I’d then convert what I’ve written in plain language into code. For example, “lots of free time” could mean having more than two hours, which would be written as [Free Time] > 2 Hours for Tableau. This isn’t following Tableau syntax to a tee because I don’t have data for it, but hopefully this helps you make sense of how I would go about writing a nested IF statement.

Once I’ve converted all the parts of the tree diagram for this path/branch into code, then I’ll start writing out the proper syntax for an IF statement and pasting in the code conversions:

IF [Free Time] > 2 Hours
THEN

IF [Energy] = “A Lot”
THEN “Swim”

ELSEIF [Energy] = “Not a Lot”
THEN “Write”

END

I’ll put in the final END at this time as well, so that I don’t end up forgetting to and running into an error later.

Then, I’ll go into the second part (the part I wrote above will be in italics to differentiate from what I’m adding in now):

IF [Free Time] > 2 Hours
THEN

IF [Energy] = “A Lot”
THEN “Swim”

ELSEIF [Energy] = “Not a Lot”
THEN “Write”

END

ELSEIF [Free Time] < 2 Hours
THEN

IF [Energy] = “A Lot”
THEN “Quick Jog”

ELSE “Crochet”

END

END

Avoiding Using/Writing Nested IF Statements

Like I mentioned previously, there are valid reasons for avoiding writing or using them. They’re not as performative as simpler IF statements due to querying each row of data twice (especially problematic for large datasets with millions of rows), and they’re also likely harder to understand—and troubleshoot—for both the one writing it and the one reading it.
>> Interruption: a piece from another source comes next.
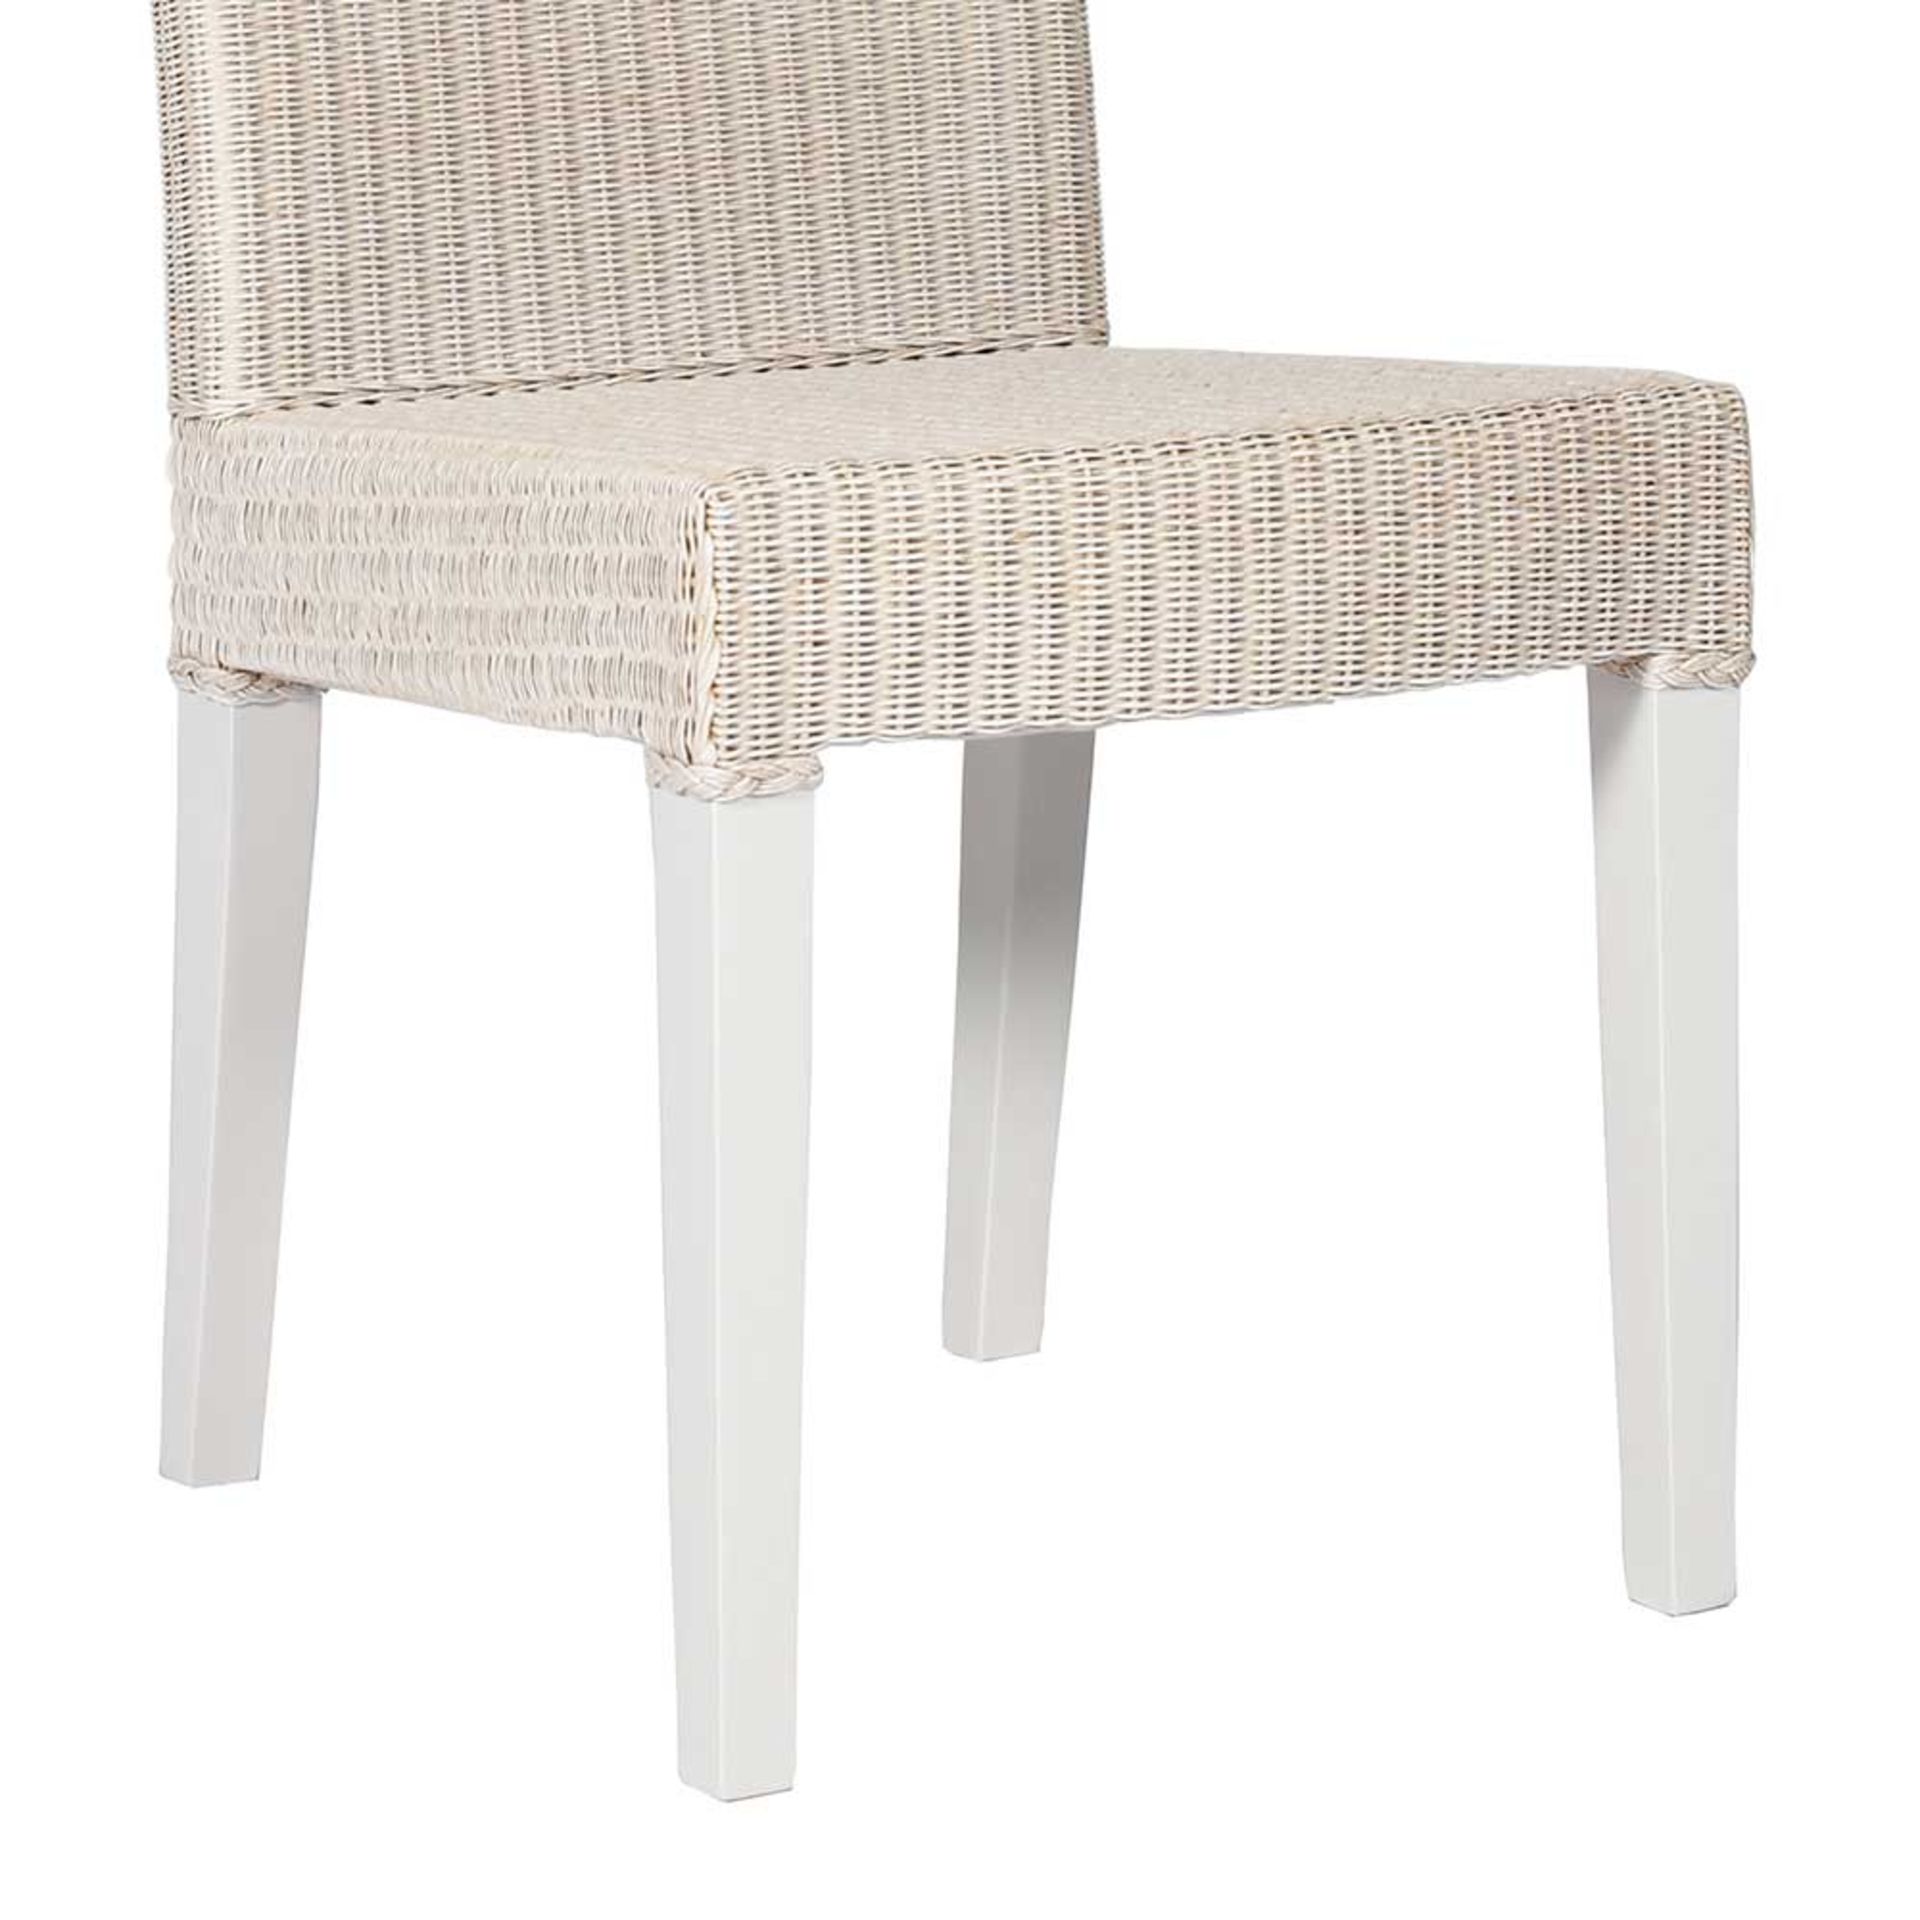 4 x Lina Two Tone Lloyd Loom Woven Dining Chairs - Contemporary Dining Chair Set - RRP £792! - Image 4 of 7

You can avoid them by breaking down a nested IF statement into multiple calculations (i.e., building the smaller components into their own calculated fields and finally bringing them together by referencing each of them in a final calculated field).

For example, if we return to our not-quite-real-world example, we could write the following calculated fields (note that each of the fields shares the word “Hobbies” to make them easier to find at once):

1. Hobbies – Lots of Free Time

IF [Energy] = “A Lot”
THEN “Swim”

ELSEIF [Energy] = “Not a Lot”
THEN “Write”

END

2. Hobbies – Not a Lot of Free Time

IF [Energy] = “A Lot”
THEN “Quick Jog”

ELSE “Crochet”

END

3. Hobbies – What to Do

IF [Free Time] > 2 Hours
THEN [Hobbies – Lots of Free Time]

ELSEIF [Free Time] < 2 Hours
THEN [Hobbies – Not a Lot of Free Time]

END

If you name your calculated fields well, you won’t even need to put your cursor in it to preview the code, in order to understand what this part is doing, which saves you a lot of time.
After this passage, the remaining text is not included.